SQL Essentials — RDBMS · SELECT · WHERE · GROUP BY · JOIN

60 min·theory
This chapter
1/2

SQL Essentials — RDBMS · SELECT · WHERE · GROUP BY · JOIN

🎯 By the end of this lesson

After reading this lesson, you will be able to confidently do the following three things.

  • ✅ Use SELECT · WHERE · GROUP BY · HAVING · ORDER BY clauses in the correct order
  • ✅ Understand the difference between INNER JOIN and LEFT JOIN, and choose the right one
  • ✅ Read a query execution plan using EXPLAIN (the type and rows columns)

Keep these learning goals as a checklist, and close the lesson once you can answer all of them.

6 Core RDBMS Concepts

In one line: Relational DB = table + PK/FK + normalization + ACID + index + SQL. A 50-year standard.

6 Key Concepts

ConceptMeaningOne-line example
Table · Row · Column2D grid of dataCREATE TABLE users (id, name, email)
PK · FKUnique identification + relationshipsorders.user_id REFERENCES users(id)
Normalization 1·2·3NFEliminate redundancy → prevent anomalies1NF (atomic values) → 2NF (partial dependency) → 3NF (transitive dependency)
ACID4 transaction guaranteesAtomic · Consistent · Isolated · Durable
IndexO(log n) lookup via B+TreeReads ↑, writes slightly ↓
SQL 4 partsLanguage classificationDDL · DML · DCL · TCL

Quick Guide to Normalization Levels

LevelRuleViolation example → Fix
1NFAtomic values only (no arrays or repeating groups)hobbies='reading,coding' → separate table
2NF1NF + every non-key column depends on the entire primary keyproduct name depends on (order_id, product_id) PK → split into product table
3NF2NF + no transitive dependency between non-key columnsuser_id → city → zip_code → split into zip code table
BCNFEvery determinant is a candidate keySimilar to 3NF but stricter

> 💡 In practice: 3NF is typically sufficient.

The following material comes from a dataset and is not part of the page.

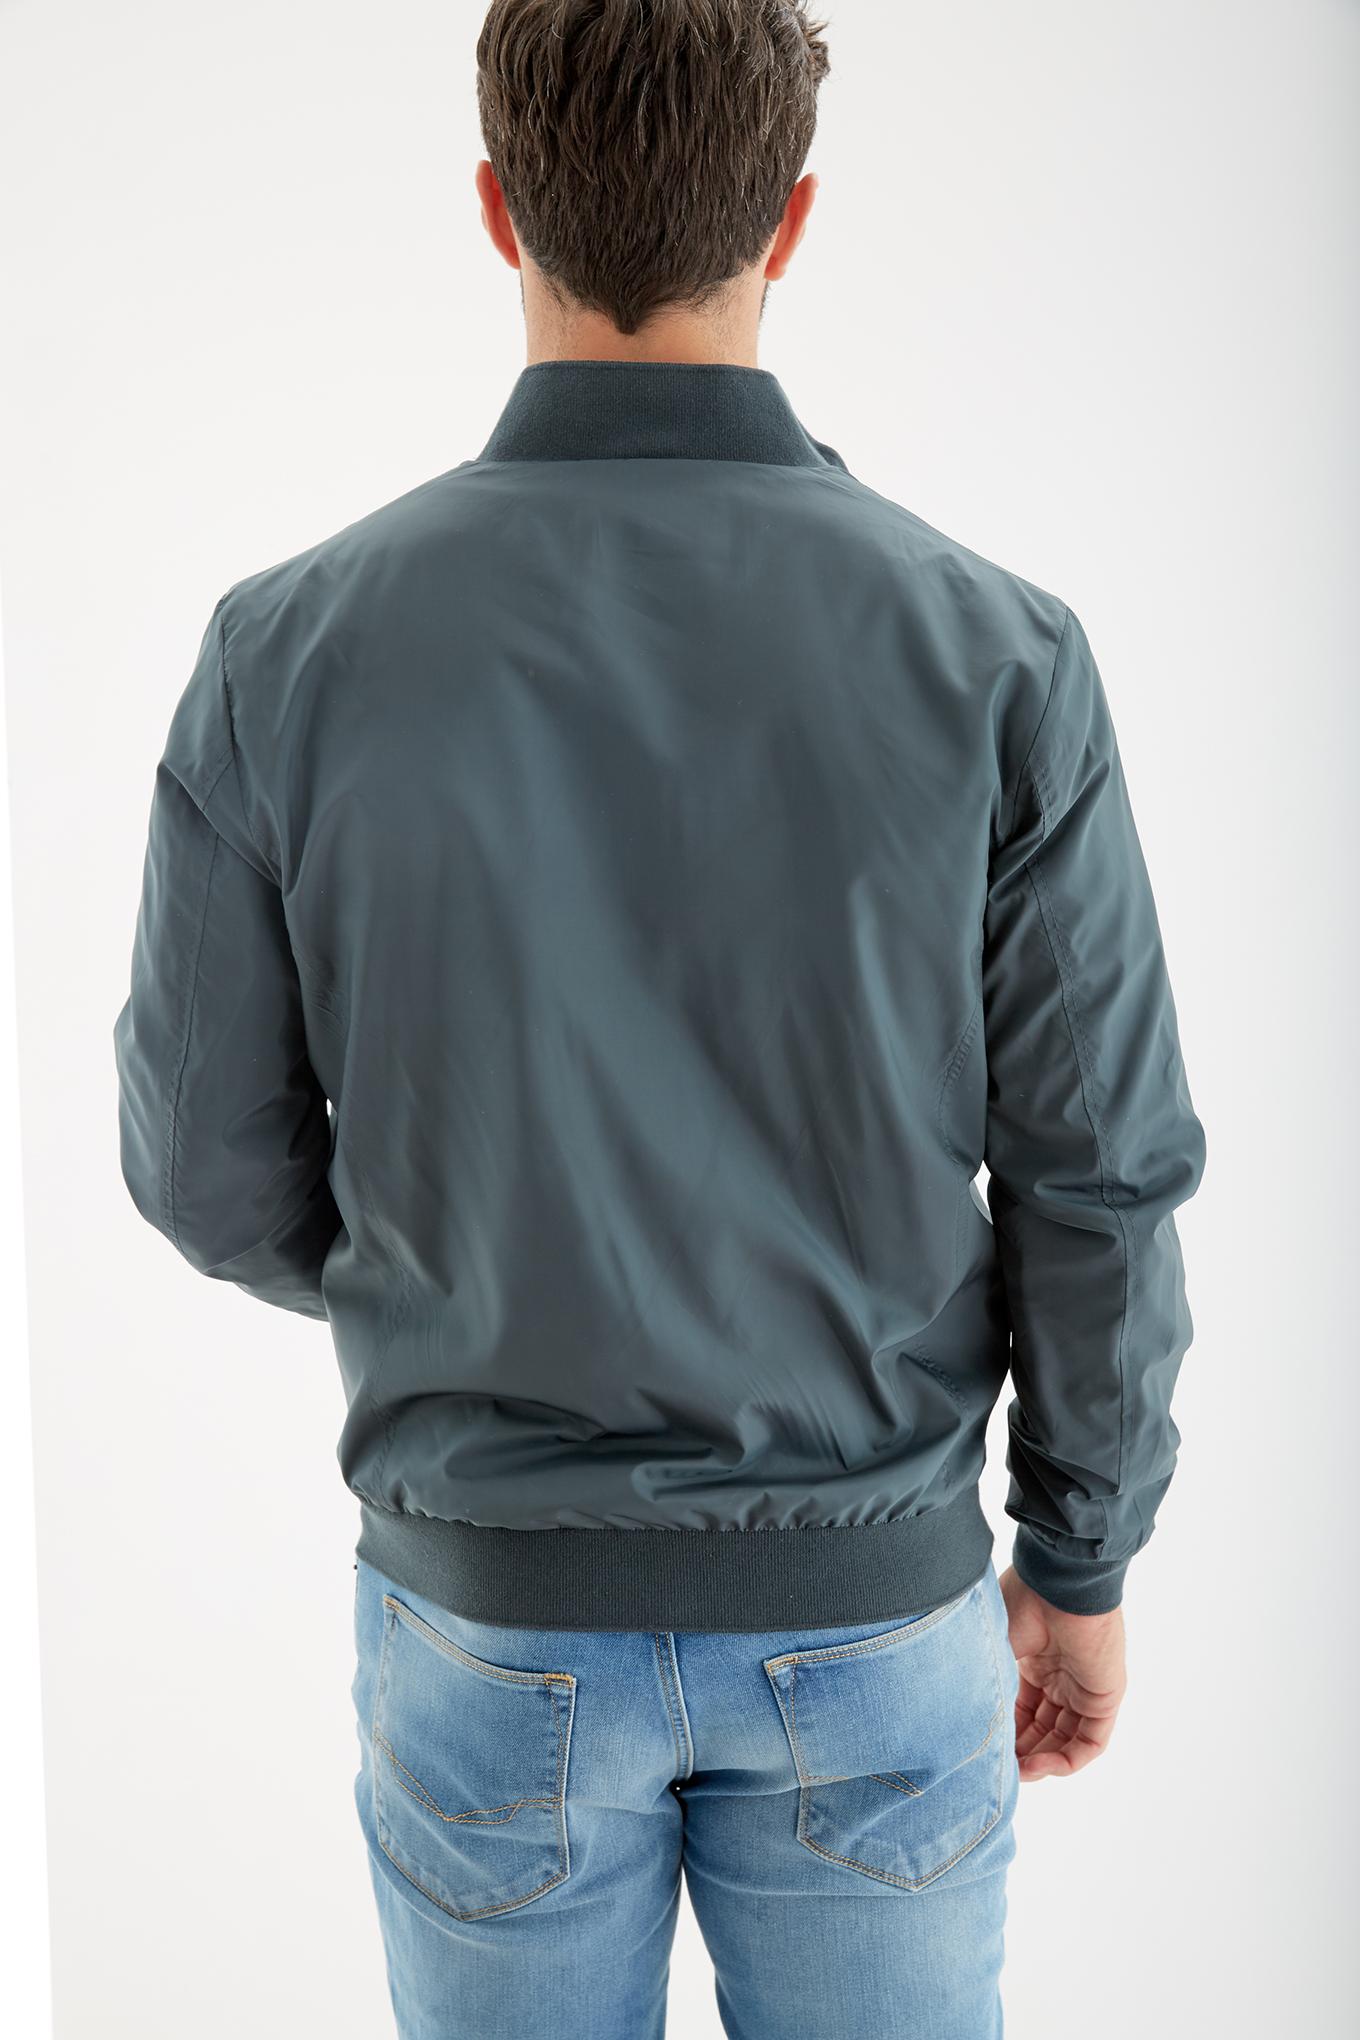 Blusão Verde Escuro Casual Homem
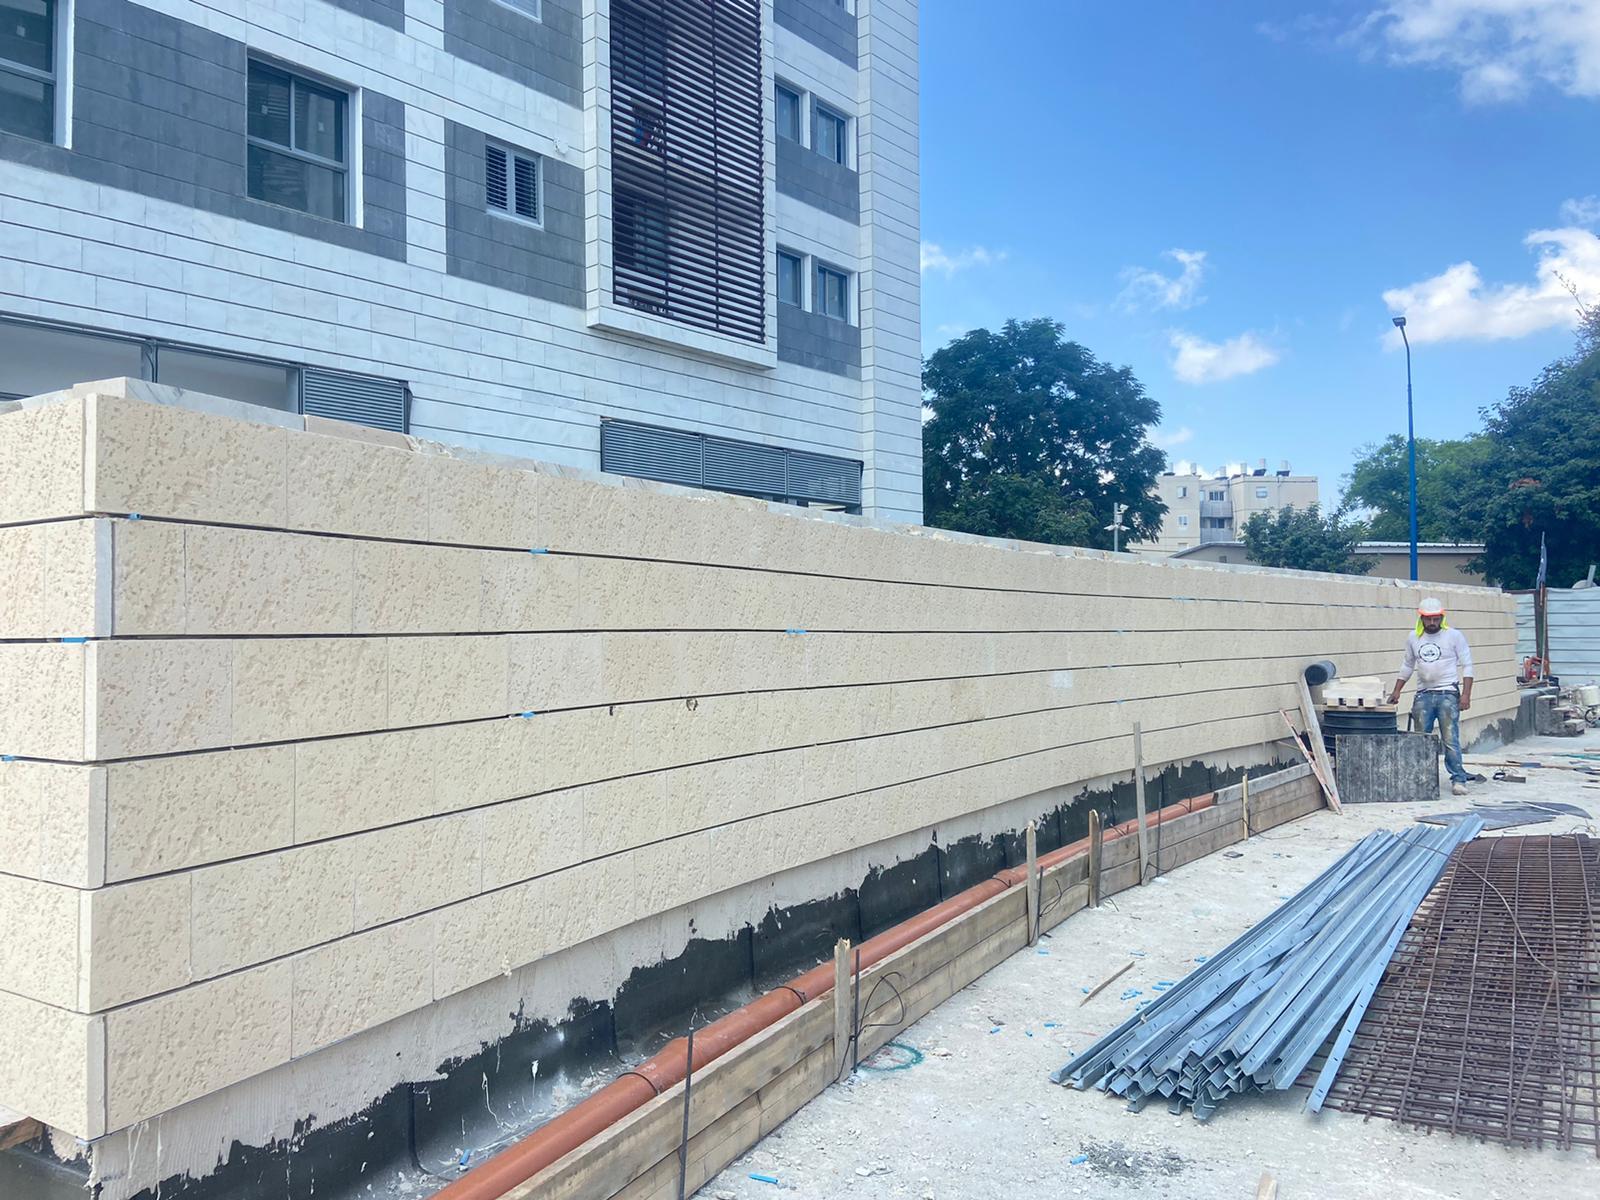 עבודות גמר אחרונות בניינים 102,103 תיקוני גמר ועבודות פיתוח 12.08.2021

Intentional denormalization is applied for performance in frequently queried areas.

SQL 4 Parts

CategoryPurposeCommands
DDL (Definition)SchemaCREATE · ALTER · DROP · TRUNCATE
DML (Manipulation)DataSELECT · INSERT · UPDATE · DELETE
DCL (Control)PermissionsGRANT · REVOKE
TCL (Transaction)TransactionsBEGIN · COMMIT · ROLLBACK · SAVEPOINT

SELECT: 7 Clauses and Their Execution Order

Writing Order vs. Execution Order

code
Write:   SELECT → FROM → WHERE → GROUP BY → HAVING → ORDER BY → LIMIT
Execute: FROM → WHERE → GROUP BY → HAVING → SELECT → ORDER BY → LIMIT
         ──────────────────────────────────────────────────────
         Data is *prepared* first, then columns are *selected*, *sorted*, and *sliced*

Each Clause — Role and Common Pitfalls

ClauseRoleCommon pitfallFix
FROM · JOINSpecify tablesLarge tables first → high memoryPut small tables / filters first
WHERERow filterWHERE UPPER(col)='X' → no index usedWHERE col='X'
WHERERow filterWHERE col LIKE '%abc' → no index usedLIKE 'abc%'
GROUP BYGroupingColumns in SELECT other than group keys or aggregate functions → errorUse group keys or aggregates only
HAVINGGroup filterConfused with WHEREHAVING SUM>1000 (after aggregation)
SELECTColumn selectionSELECT * → unnecessary data transferSelect only needed columns
ORDER BYSortingWithout an index, full sort (O(n log n))Add index on sort column
LIMIT · OFFSETPaginationOFFSET 100000 → very slowUse keyset pagination (WHERE id > last_id)

Quick Memorization Tip

  • FWG·HSO·L — From-Where-Group / Having-Select-Order / Limit
  • Reduce data early — the earlier WHERE runs, the lighter the subsequent steps
  • 5 patterns that skip the index: functions, LIKE with leading %, type casting, NOT, OR

JOIN + GROUP BY Patterns

Comparing 5 JOIN Types

TypeMeaningUse case
INNEROnly matching rows on both sidesOrders + payments (where both exist)
LEFTAll left rows + matches (NULL if none)All users + orders (including those with no orders)
RIGHTOpposite of LEFTRarely used (flip LEFT instead)
FULLAll rows from both sides (UNION effect)Finding unique rows from both sides
CROSSCartesian product (M × N)Usually a mistake; produces all combinations

JOIN Anti-Patterns

Anti-join (rows that exist on one side only):

sql
SELECT u.* FROM users u
LEFT JOIN orders o ON o.user_id = u.id
WHERE o.id IS NULL;          -- users who have never placed an order

Self-join (self-referencing):

sql
SELECT e.name, m.name AS manager
FROM employees e
LEFT JOIN employees m ON e.manager_id = m.id;

6 GROUP BY Patterns

#PatternExample
1Simple groupGROUP BY user_id + COUNT(*)
2Multi-columnGROUP BY user_id, DATE(created_at)
3HAVING (group filter)HAVING COUNT(*) > 5
4Time unitGROUP BY DATE_TRUNC('day', created_at)
5CASE WHEN aggregationSUM(CASE WHEN status='paid' THEN 1 ELSE 0 END)
6ROLLUP · CUBEAutomatic subtotals and grand totals (GROUP BY ROLLUP(year, month))

WHERE vs. HAVING

sql
SELECT user_id, COUNT(*) AS cnt
FROM orders
WHERE status = 'PAID'        -- row filter (step 1)
GROUP BY user_id             -- grouping
HAVING COUNT(*) > 5;         -- group filter (after aggregation)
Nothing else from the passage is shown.